Fergal Keane has an important article at the BBC on the international order set up after WW2, and its failure in the light of what's happening in Ukraine:

We are not in the middle of a new world war, or a Holocaust, but the lessons for the world of that terrible conflict – and the promises made in its aftermath – have a relevance we cannot ignore today.

It was a reality framed in scathing terms by the Ukrainian President Volodymyr Zelensky when he addressed the Security Council of the United Nations this week. He reminded his audience that the UN had been established in 1945 to guarantee peace after the horrors of World War Two.

Listing allegations of war crimes by Russian troops in Ukraine – summary killings, torture, rape – he called for the council to order a war crimes investigation.

"Are you ready to close the UN?" he asked. "Do you think that the time of international law is gone? If your answer is no, then you need to act immediately."

The threat to the peace of Europe is greater now than at any time since the end of the Cold War in 1989. For nearly a month, I watched families flee westward from Lviv in trains, cars and buses as Russia waged war on their homeland.

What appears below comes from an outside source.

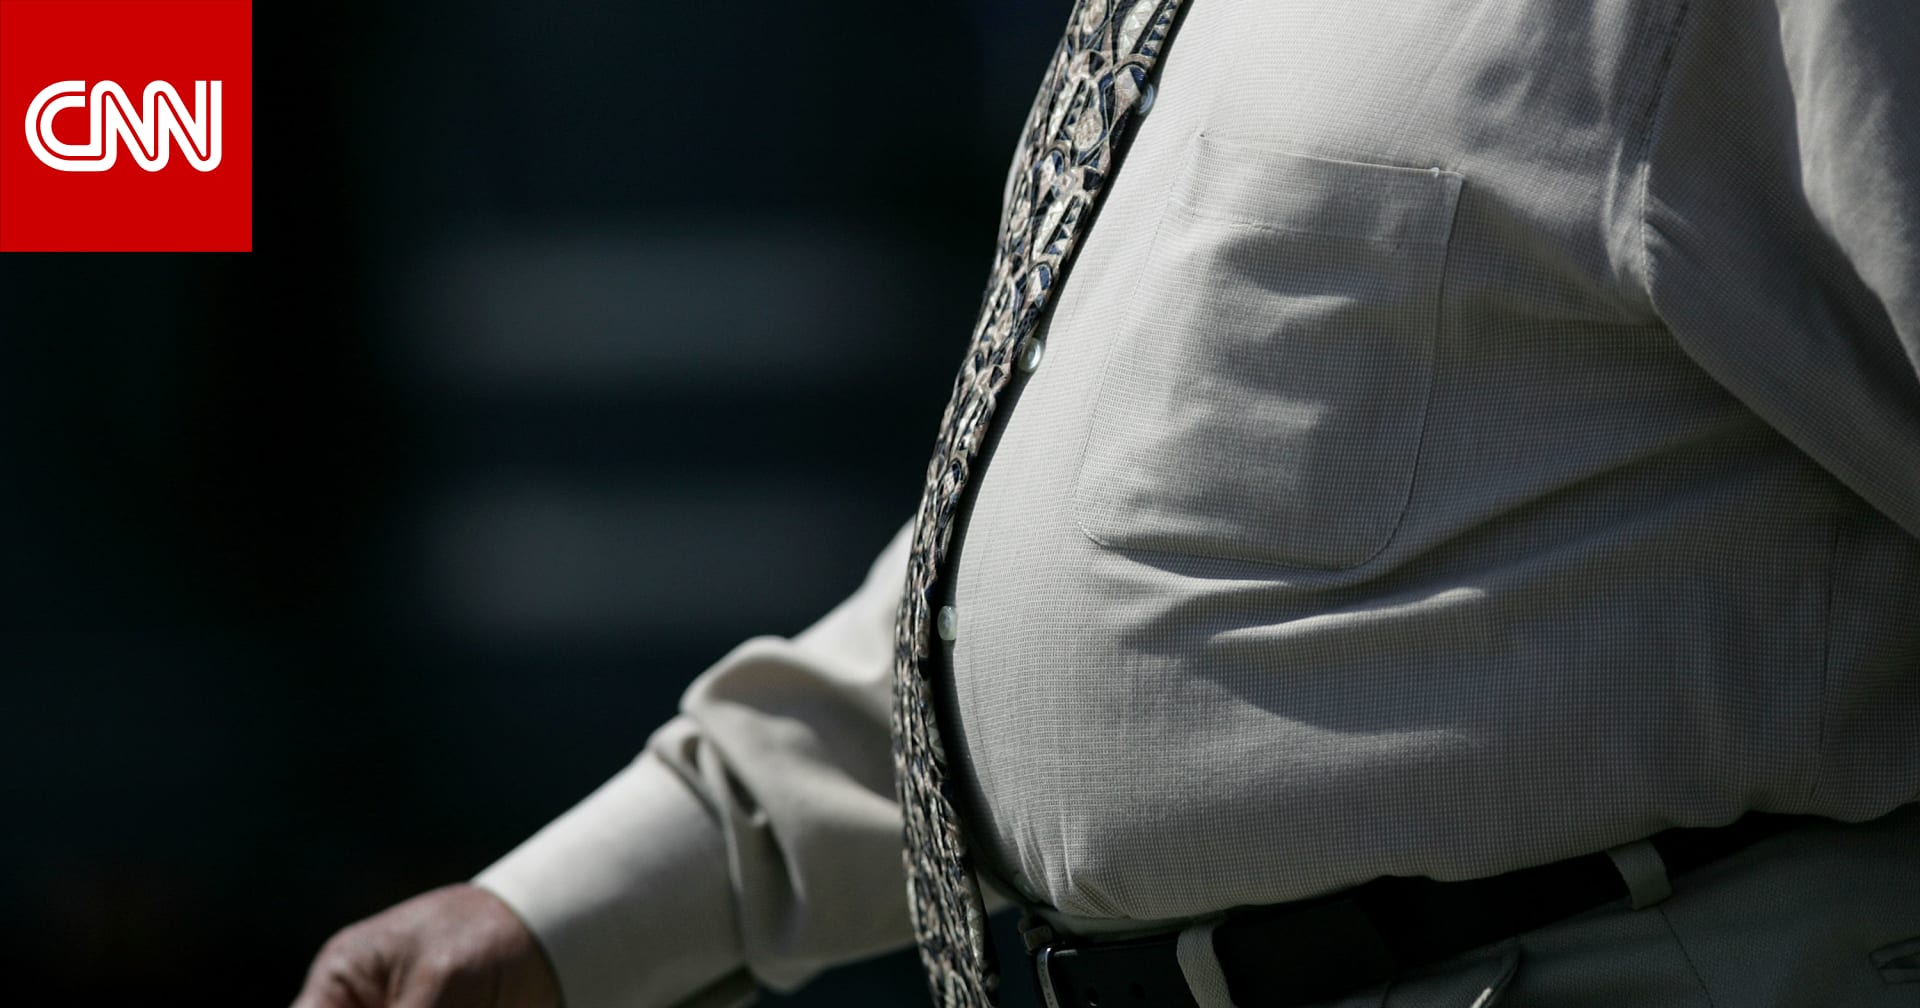 Study: Being overweight is not necessarily associated with premature death

I listened to survivors from the besieged port of Mariupol talk of a hell on earth with bodies lying in the streets and the cityscape they knew, of shops, restaurants, the Hurov Park with its spectacular fountains, reduced to rubble….

In the far western corner of Ukraine, Lviv is a city to remind us of the worst of mankind, but also of what can be done to protect us from the consequences of aggression.

Walk five minutes west from the ruins of the synagogue and you reach a squat two-storey building that was the cradle of the world's most important human rights legislation – the very principles under which President Putin and his armies might yet face judgement.

The law faculty of the University of Lviv was the alma mater of Raphael Lemkin who invented the word genocide to describe the attempt to exterminate "in whole or in part" a national, religious or racial group. Aghast at the Nazi Holocaust Lemkin coined the term in 1944 and, four years later, succeeded in having the UN define genocide as a crime under international law.

His fellow alumnus, Hersch Lauterpacht, was instrumental in bringing about the legal concept of crimes against humanity which was first used to prosecute Nazi leaders at the Nuremberg trials in 1945-46.

Both men were Jewish and studied in Lviv in the early decades of the 20th Century. Lviv was called Lemberg then and was a city of the Austro-Hungarian Empire, home to a cosmopolitan mix of Poles, Ukrainians, Russians and other nationalities from across the empire.

World War One destroyed Austria-Hungary and ushered in an age of instability as Poles, Ukrainians, the Soviet Union and Nazi Germany fought for control of the city. The majority of the remaining Jewish population was wiped out in the Holocaust, among them the relatives of Lemkin and Lauterpacht.

At the end of World War Two, Lviv came under the rule of the Soviet Union, where it remained until the fall of communism and the creation of an independent Ukraine in 1991.

Although they differed in important respects – Lemkin argued in favour of group protections, Lauterpacht focused on individual rights – their legacies were enshrined in the 1945 UN Charter, which promised to "save succeeding generations from the scourge of war which, twice in our lifetimes, has brought untold sorrow to mankind, and to reaffirm faith in fundamental human rights, in the dignity and worth of the human person…"

Now, Lviv finds itself once more at the centre of a great historical trauma.

I think of that phrase – "the dignity and worth of the human person" – after watching people fight to board trains in the early days of the evacuation of Ukraine. I remember it when I see the images of executed civilians in Bucha, and I wonder what has happened to the dream of the lawyers from Lviv?

We are living in an age where millions are displaced by war. I have seen them jumping from smugglers' boats into the shallows on a Greek beach, shouting with joy that "God is Great". In the Democratic Republic of Congo, Myanmar and Yemen, I have heard civilian victims describe cruel military campaigns.

According to the most recent UN statistics – gathered before the Russian invasion of Ukraine – 84 million people are now forcibly displaced worldwide. The figures reflect an international order in crisis with the UN unable to prevent the murder and abuse of civilians in many regions of the world….

It's a long piece, but worth reading in full.

The story of Lviv and its role in the origins of the terms "genocide" and "crimes against humanity" is covered in Philippe Sands' book East West Street.